Appeal from an order of the Family Court of Tioga County (Callanan Sr., J.), entered August 5, 1997, which partially granted petitioner's application, in a proceeding pursuant to Family Court Act article 10, and adjudicated respondent's children to be neglected.

 On this appeal, petitioner challenges Family Court's determination rejecting the hearing testimony of Erinn “G” concerning respondent's alleged commission of certain acts of sexual abuse and also the validation evidence presented by expert witness Sarah Walsh, and dismissing so much of the petition as charged respondent with abuse based upon petitioner's failure to establish its case by a preponderance of the credible evidence.   There having been no physical evidence of abuse, the case turns almost entirely on issues of credibility.   Giving due deference to Family Court's credibility determinations, which are to be given great weight on appeal and should not be disturbed unless clearly unsupported by the record (see, Matter of Kathleen OO. [Karen OO.], 232 A.D.2d 784, 785, 649 N.Y.S.2d 193;  Matter of Esther CC. [Joseph CC.], 194 A.D.2d 949, 951, 598 N.Y.S.2d 871;  Matter of Joey T. [Joseph B.], 185 A.D.2d 851, 587 N.Y.S.2d 356), we are unpersuaded that Family Court erred.   We accordingly affirm.

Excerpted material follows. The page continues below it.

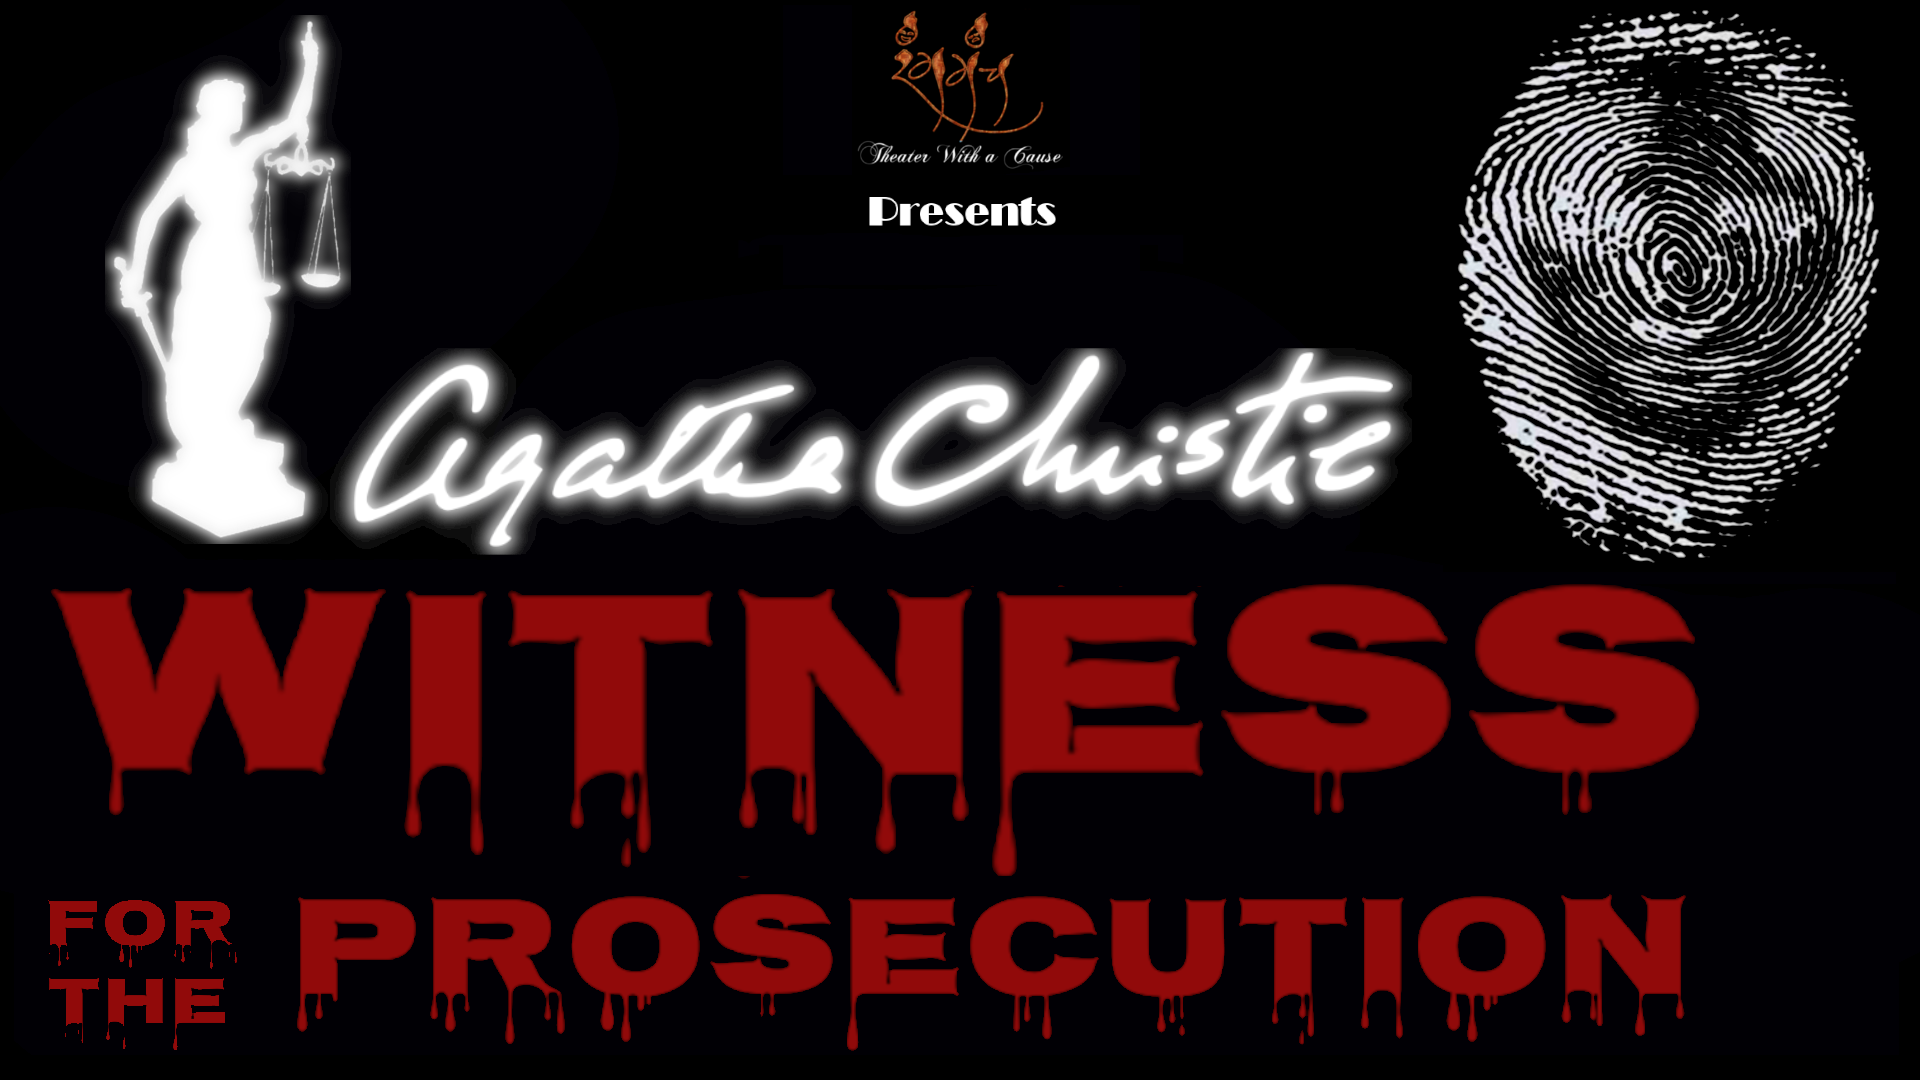 The Witness for prosecution

 The evidence adduced at the fact-finding hearing supported a finding that Erinn had a history of prevarication and, in fact, had already engaged in a certain amount of sexual fantasy concerning her activities with boys in her school.   In addition, there was evidence that, after initially claiming that respondent had actually penetrated her vagina and rectum, Erinn later changed her story, claiming that respondent had merely rubbed his genitals against those areas of her body.   Her explanation for the inconsistency, that she did not understand the term “intercourse”, was belied by her age (nearly 15 at the time of the accusations), the fact that she had received several years of sex education and the fact that the interviewing school counselor specifically advised Erinn on the meaning of the term.   Finally, it is undisputed that Erinn made no effort to correct a friend's patently false accusation of sexual abuse against respondent.

There was also a reasonable basis for Family Court's conclusion that Erinn's testimony had not been “reliably corroborated” by Walsh's expert opinion (see, Matter of Nicole V., 71 N.Y.2d 112, 119, 524 N.Y.S.2d 19, 518 N.E.2d 914).  Notably, the bases for certain of Walsh's underlying criteria were severely eroded at trial.   First, Walsh's “consistency” factor failed to account for the fact that Erinn gave inconsistent accounts of the claimed incidents.   Second, Walsh attributed some significance to the fact that Erinn harbored no apparent ill-will against her father, whereas those making false accusations tend to express very strong feelings such as “I hate him or I hate her”.   In fact, Erinn's teaching aide testified that Erinn was “very angry” with her father and “hated him”.   Perhaps most serious, Walsh's analysis failed to give any effect to the fact that Erinn, who was adopted by respondent and his wife when she was approximately six years old, had been sexually abused by her biological parents (compare, Matter of Miranda UU. [Stephen UU.], 168 A.D.2d 704, 705-706, 563 N.Y.S.2d 564).   Under the circumstances, Family Court was free to critically review Walsh's opinion and its underlying bases and to reject the conclusions reached as an exercise of its fact-finding authority (see, Matter of Orange County Dept. of Social Servs. [Frank T.], 215 A.D.2d 562, 627 N.Y.S.2d 68;  Matter of Miranda UU. [Stephen UU.], supra;   Matter of Swift v. Swift, 162 A.D.2d 784, 785-786, 557 N.Y.S.2d 695).

ORDERED that the order is affirmed, without costs.

MERCURE, Justice.

MIKOLL, J.P., and YESAWICH and PETERS, JJ., concur.